Saturday, October 27, 2007

Quotes of the Week

Sometimes it’s the encounter with a brief statement of truth that lingers longer than a lengthy narrative. Such are these three thoughts that have been part of my week.

“We cannot solve our problems with the same thinking we used when we created them.” Albert Einstein

“The present is what the past is doing now.” Rowan Williams, Archbishop of Canterbury

“What if we treated our Bible like our cell phone?” Leonard Sweet (Guess who forgot her Bible this week, but had her cell phone?)

3 comments:

Anonymous said...

"History teaches us that man learns nothing from history." HEGEL

Anonymous said...

Not that anyone is interested, but
I have provided a very brief synopsis of Hegel's philosophy

Hegel's philosophical system was perhaps the most ambitious since Aristotle, comprising logic, psychology, religion, aesthetics, history, law. As well as his published works, many volumes were compiled from the notes of his long-suffering students. Though they laboriously took down almost every word, one wonders how much theyunderstood. Hegel's language is abstruse and sometimes tortuous, and makes great demands on the reader.
Pantheism is the motivating force and the core of Hegel's system. It is a grandiose idealistic pantheism, in which all existence and all history are part of God's cosmic self-development. God is absolute spirit. But he also desires to manifest himself and to know himself.
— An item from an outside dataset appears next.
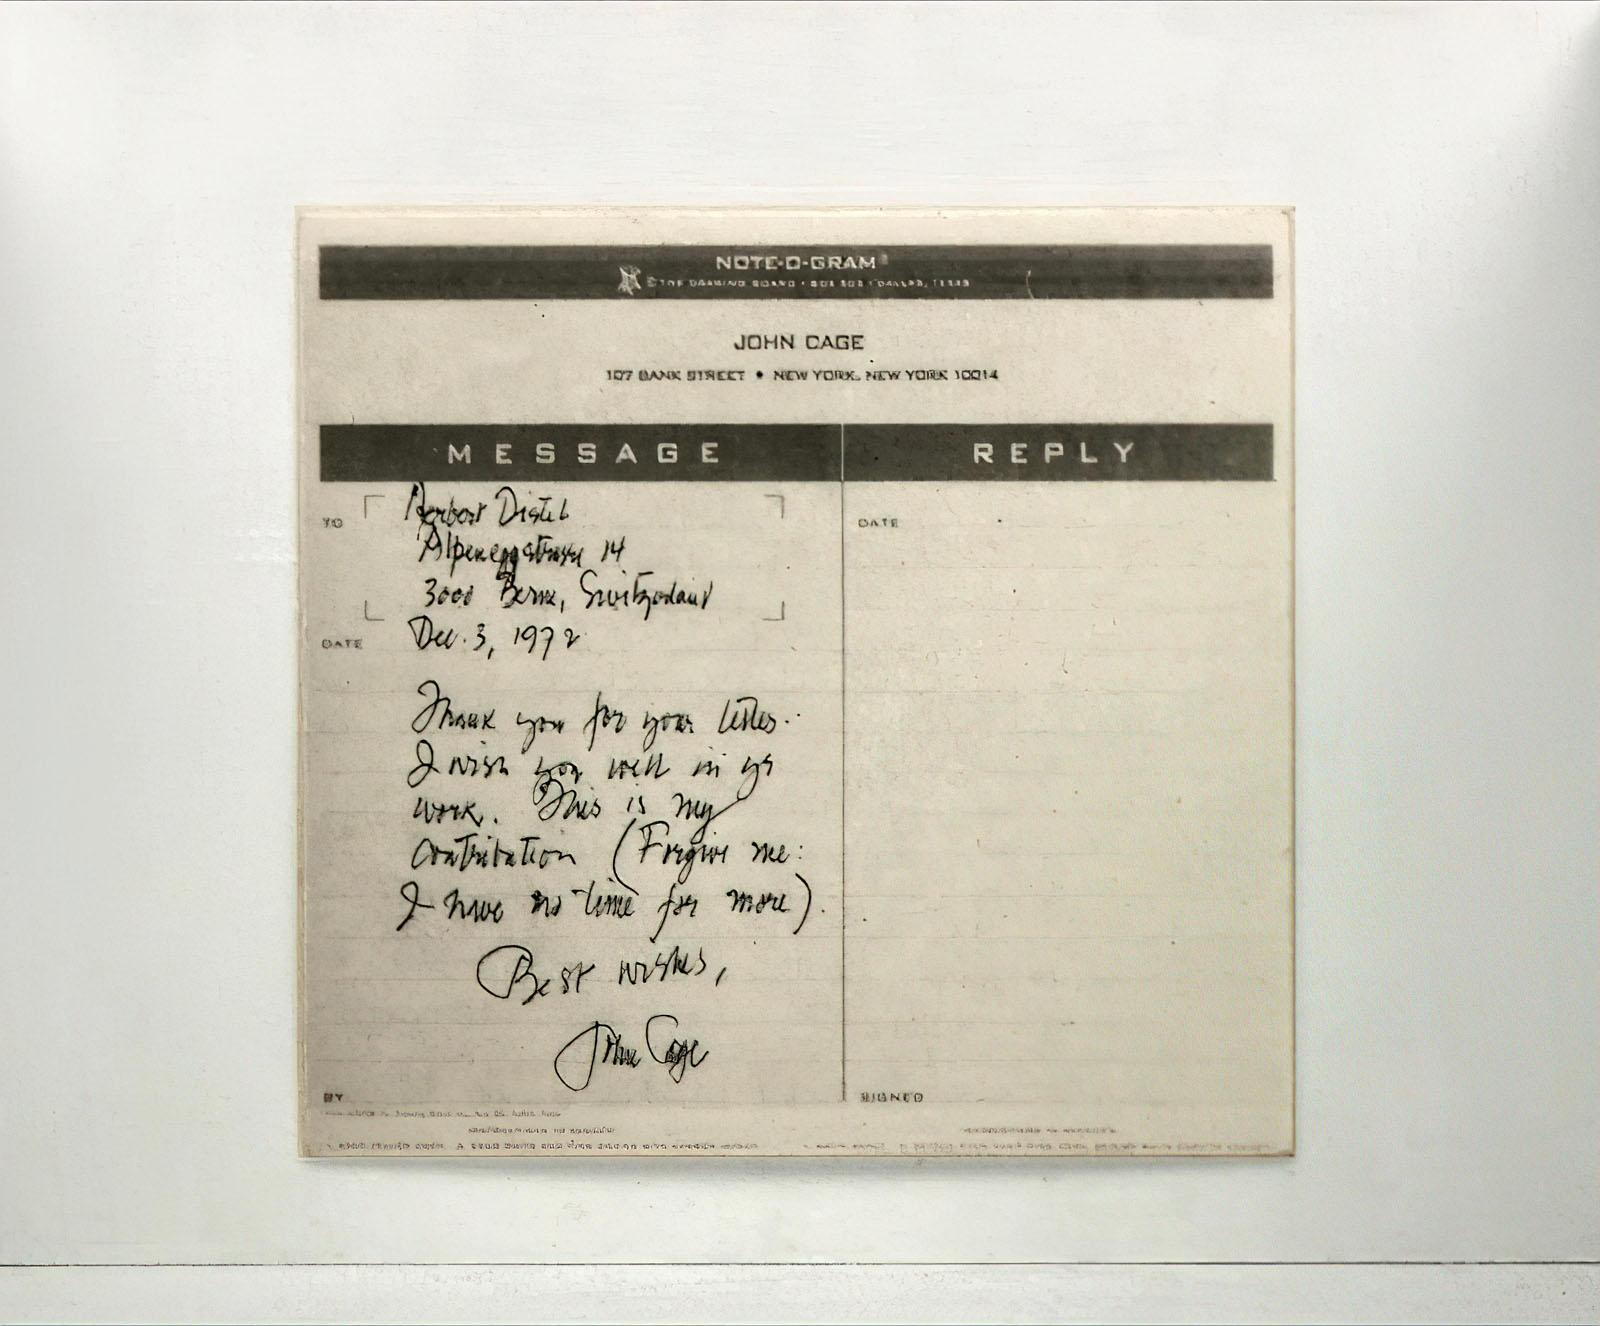 John Cage - Untitled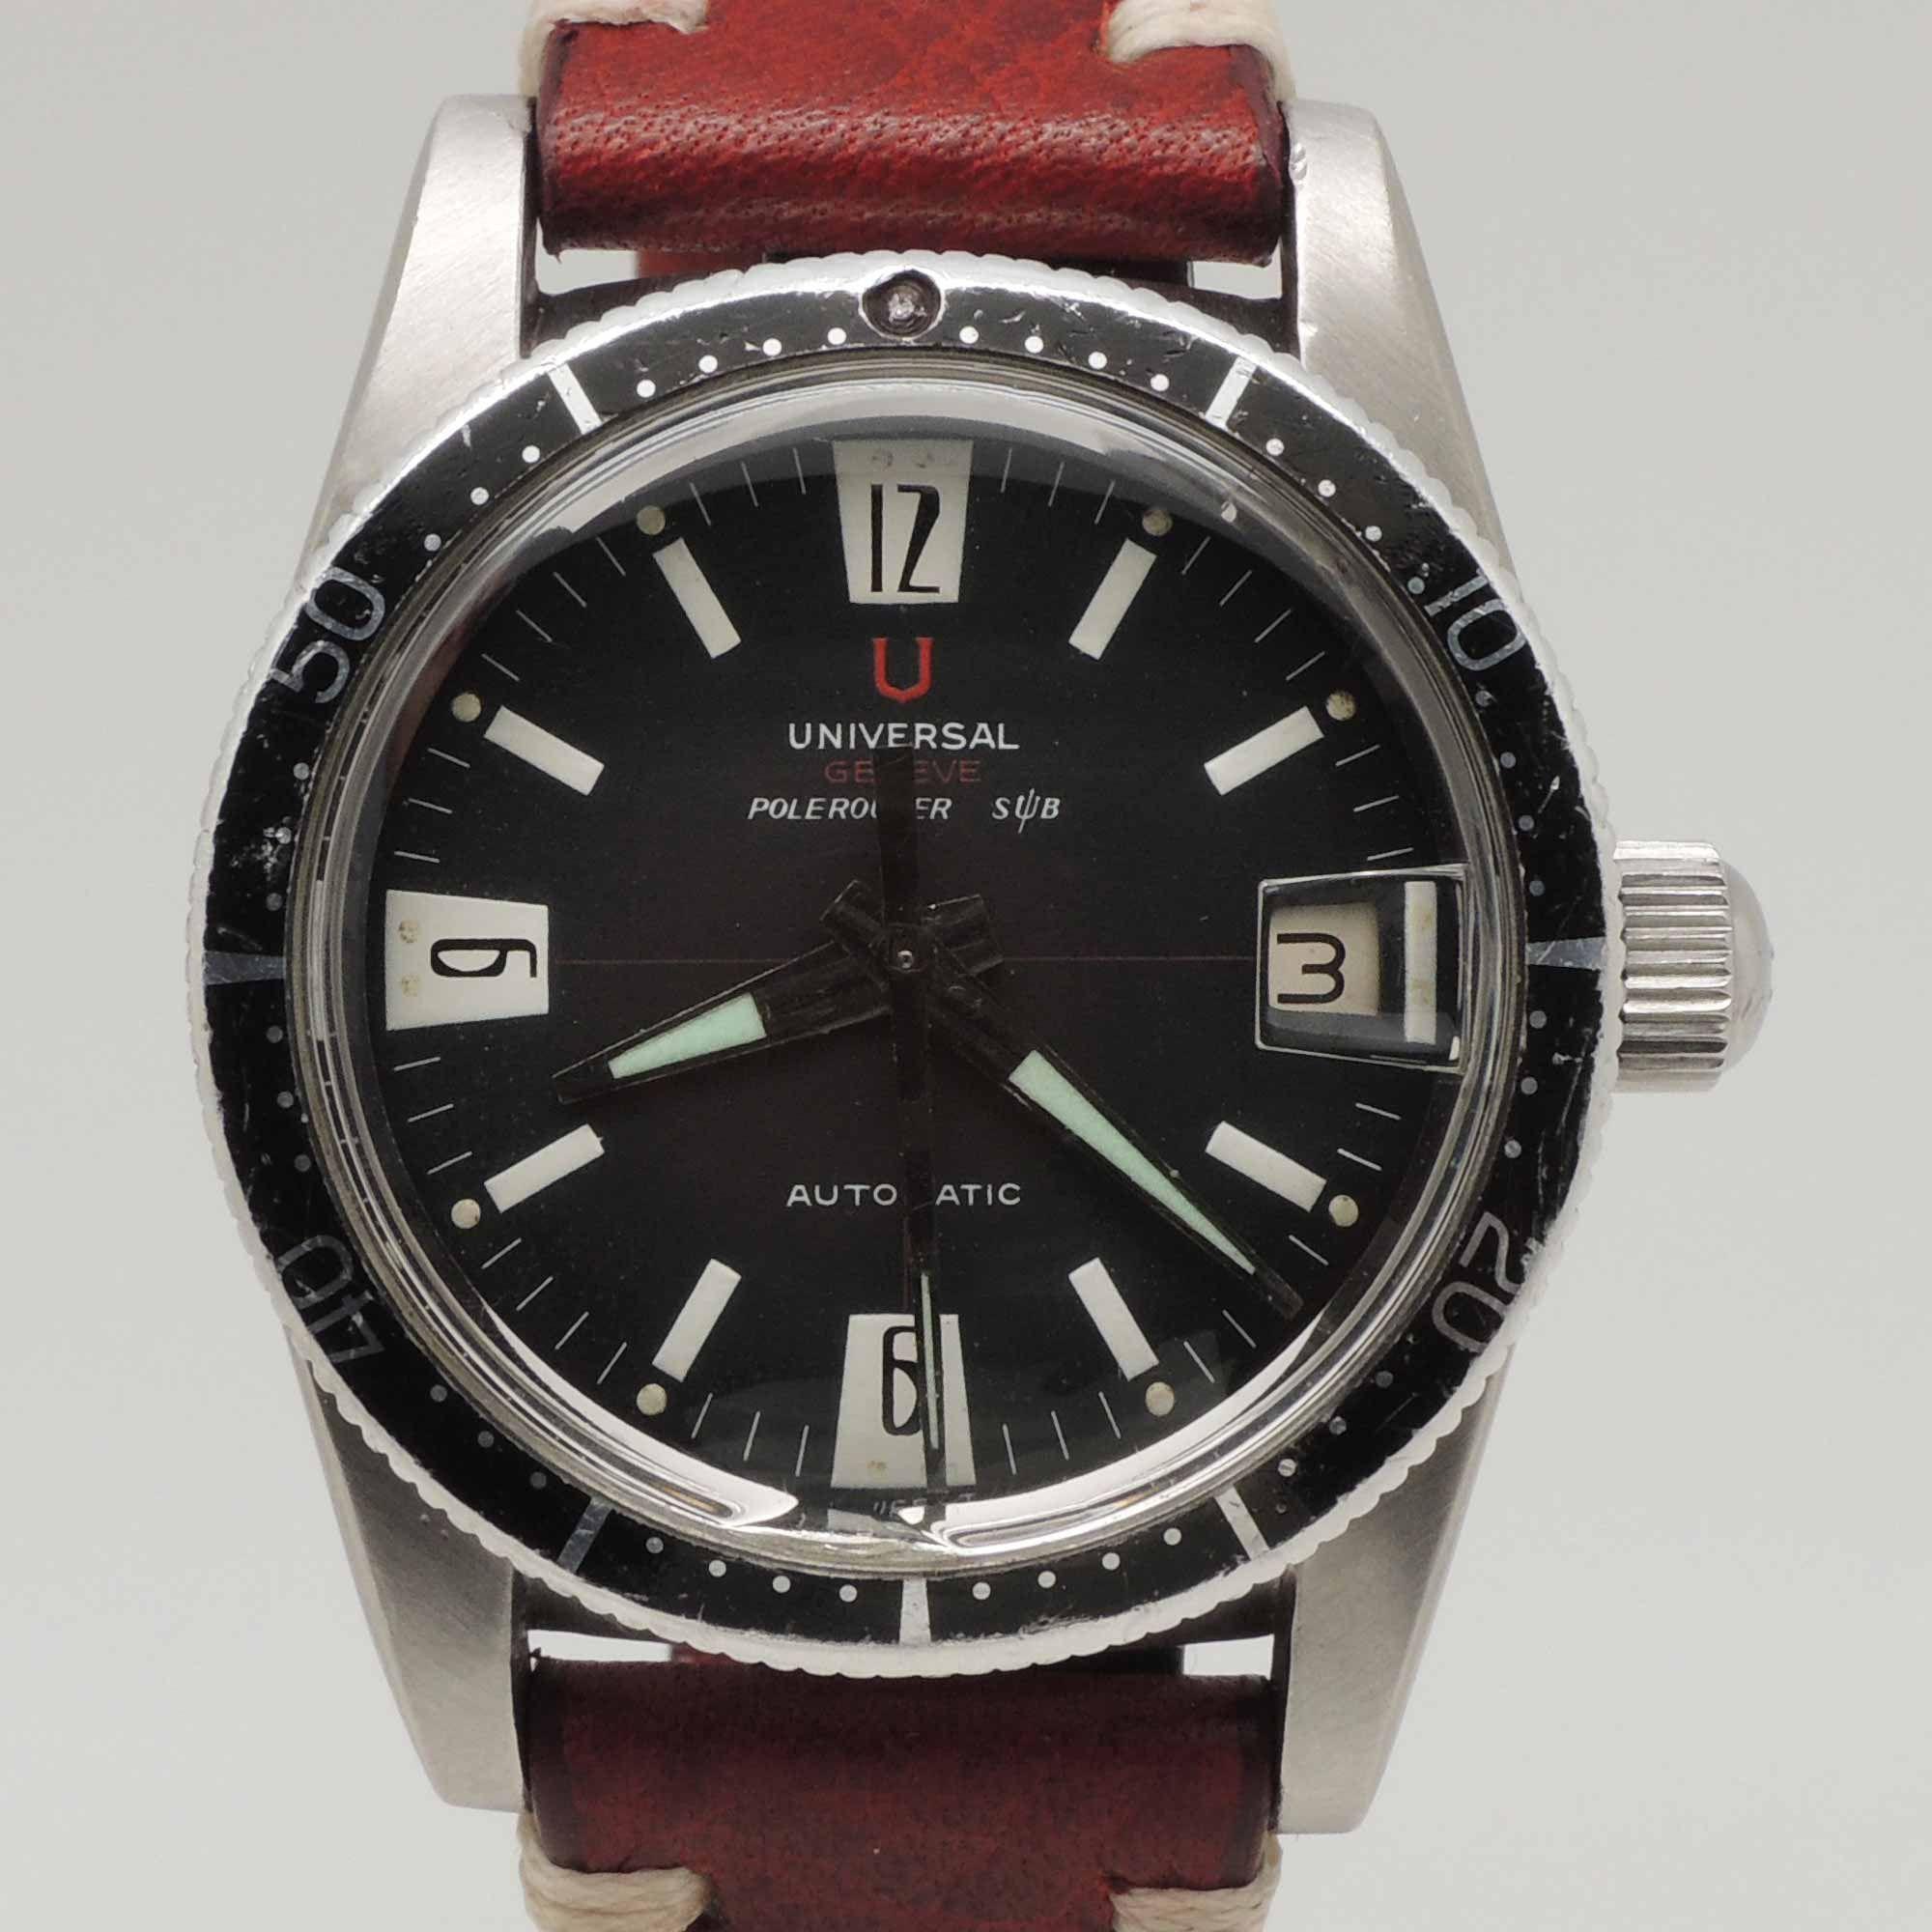 Universal Geneve Polerouter Sub Ref 869116 Venta De Relojes Reloj De Acero Inoxidable Reloj Vintage

So it is part of his essence to become real, in particular material things, in individual persons and in the process of change and history. God is present and active in the real world. He acts through humans, and is conscious of himself through humans. God embodies and develops himself first in nature, then in the rising stages of human consciousness and civilization. Human history and culture are God's working out of his self-realization in the world. Individual humans - especially the great heroes of world history - are the principal means of change, while peoples and states are the embodiment of each phase.

Anonymous said...

Not that anyone is interested, but
I have provided a very brief synopsis of Hegel's philosophy

Hegel's philosophical system was perhaps the most ambitious since Aristotle, comprising logic, psychology, religion, aesthetics, history, law. As well as his published works, many volumes were compiled from the notes of his long-suffering students. Though they laboriously took down almost every word, one wonders how much theyunderstood. Hegel's language is abstruse and sometimes tortuous, and makes great demands on the reader.
Pantheism is the motivating force and the core of Hegel's system. It is a grandiose idealistic pantheism, in which all existence and all history are part of God's cosmic self-development. God is absolute spirit. But he also desires to manifest himself and to know himself. So it is part of his essence to become real, in particular material things, in individual persons and in the process of change and history. God is present and active in the real world. He acts through humans, and is conscious of himself through humans. God embodies and develops himself first in nature, then in the rising stages of human consciousness and civilization. Human history and culture are God's working out of his self-realization in the world. Individual humans - especially the great heroes of world history - are the principal means of change, while peoples and states are the embodiment of each phase.